**TASK GOAL**: Your task is to copy the listing exactly, with the pictures left out.

**SUPPLIED INFORMATION**:
▼▼▼

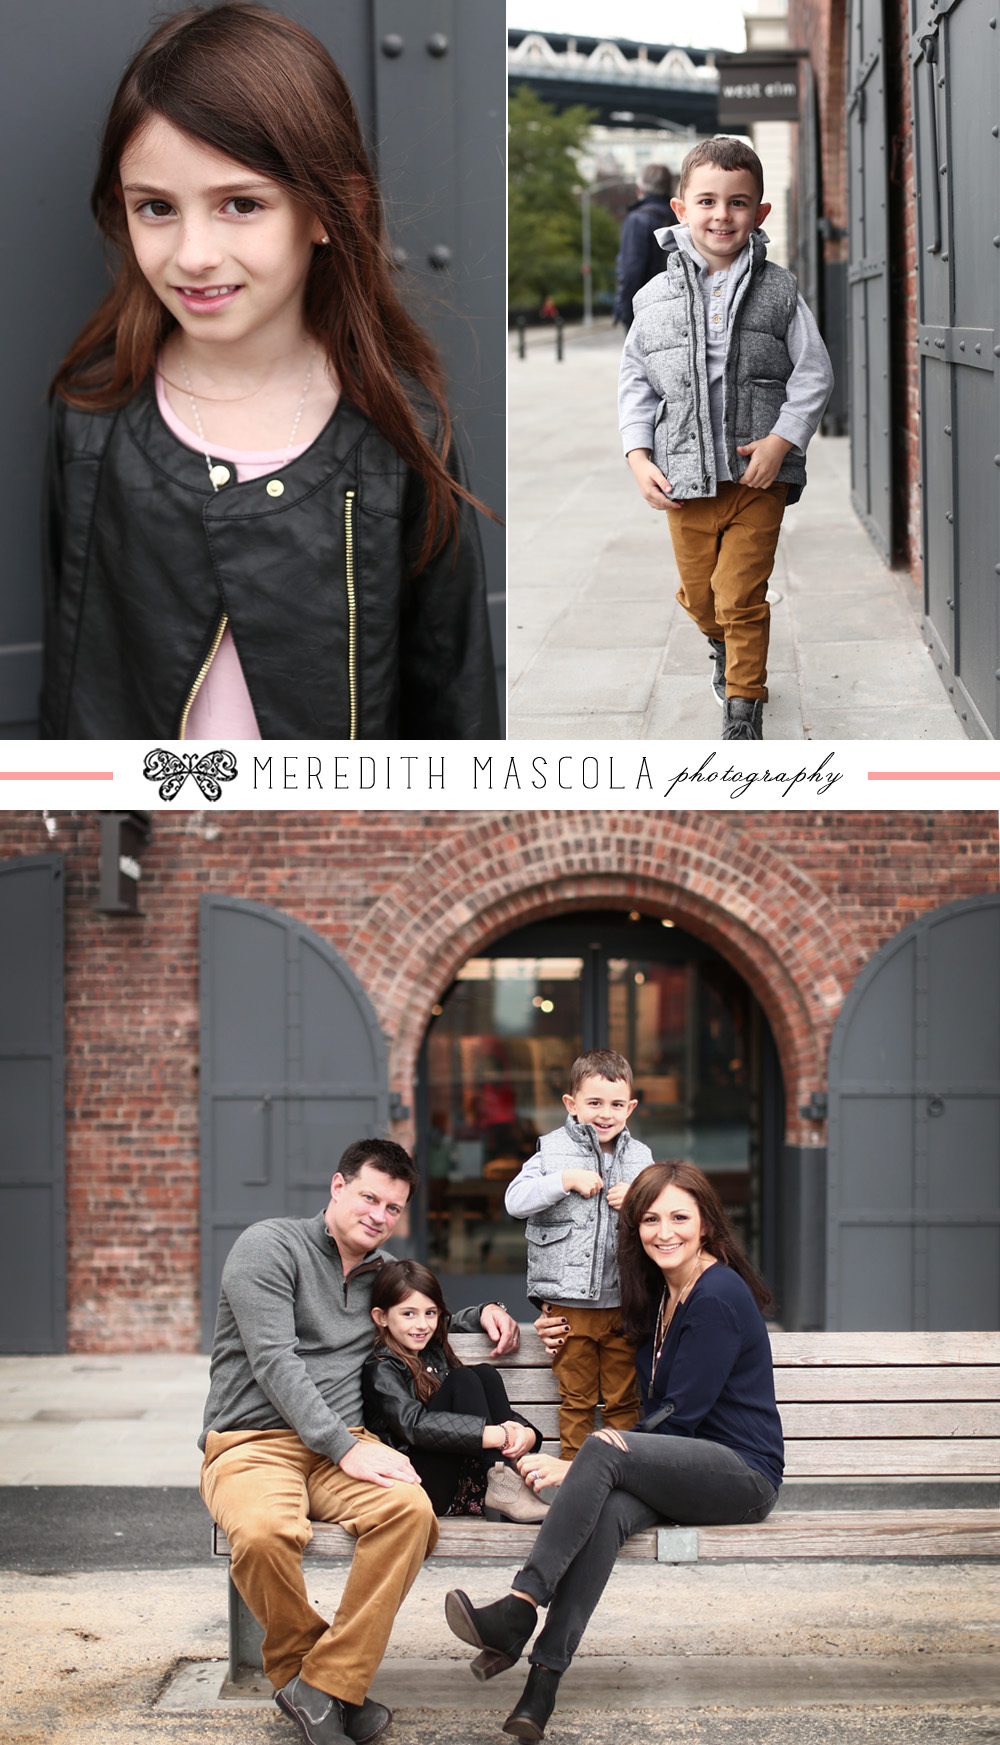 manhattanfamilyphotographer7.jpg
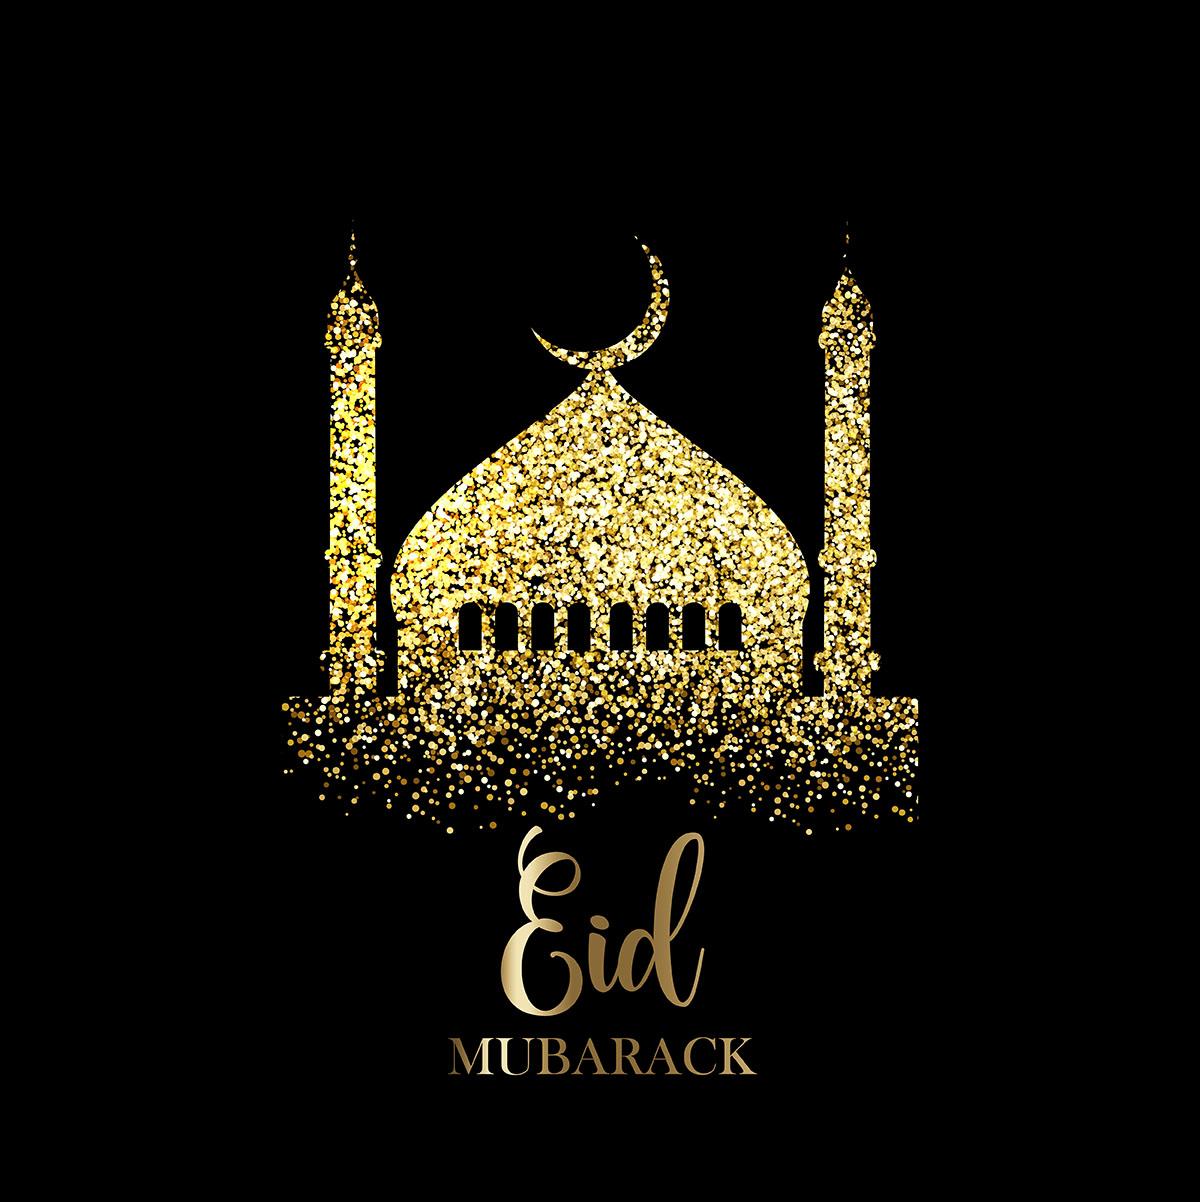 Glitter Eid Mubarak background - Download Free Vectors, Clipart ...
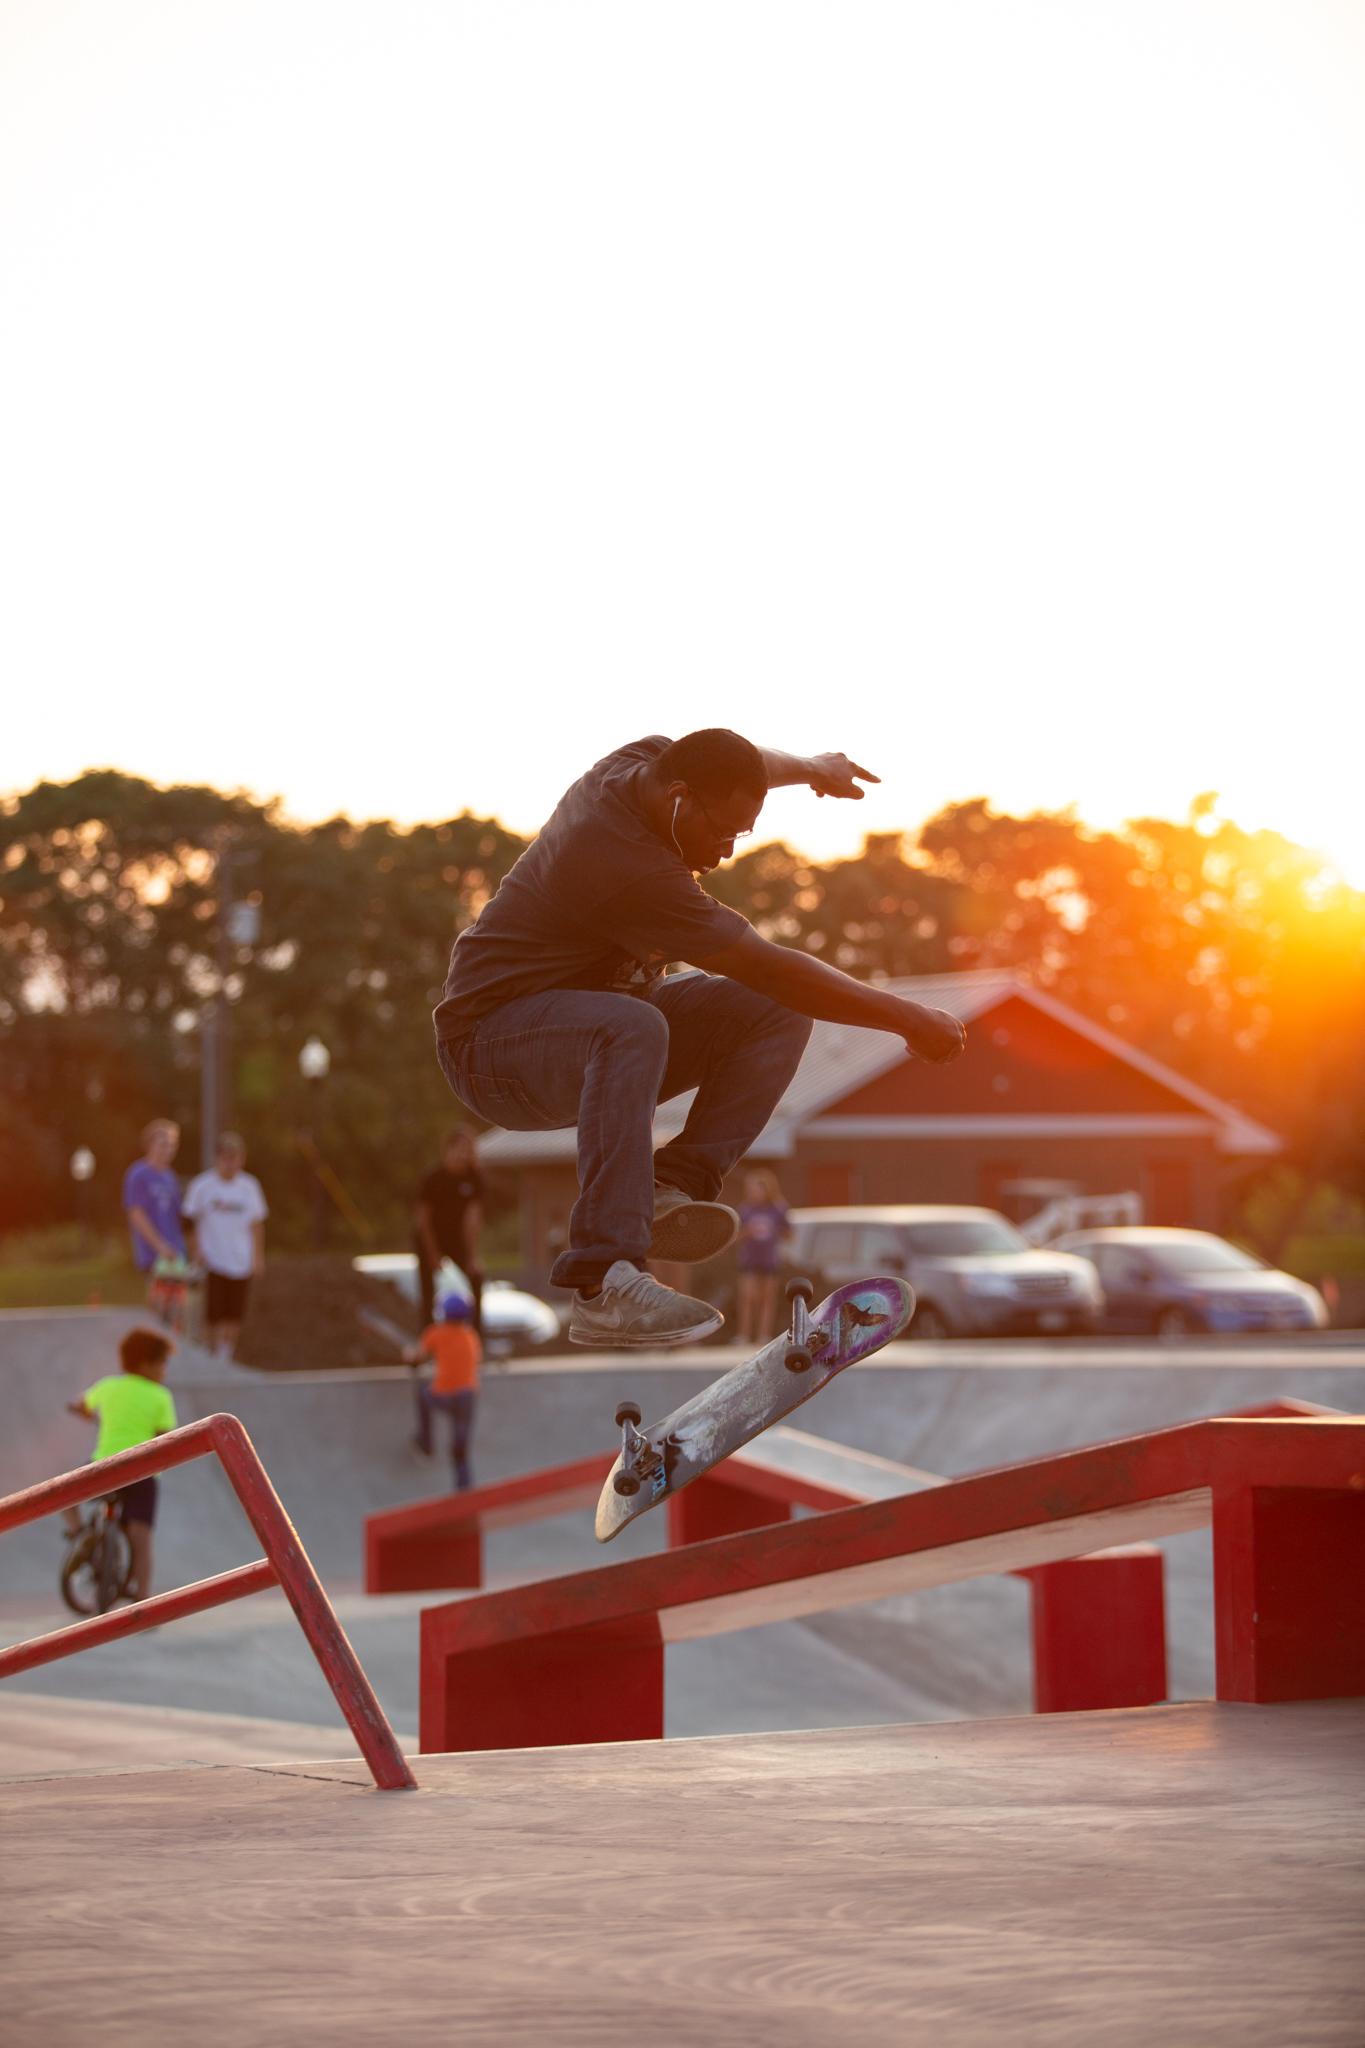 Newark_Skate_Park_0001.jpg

▲▲▲

**THE COMPLETED TASK**:
 manhattanfamilyphotographer7.jpg
 Glitter Eid Mubarak background - Download Free Vectors, Clipart ...
 Newark_Skate_Park_0001.jpg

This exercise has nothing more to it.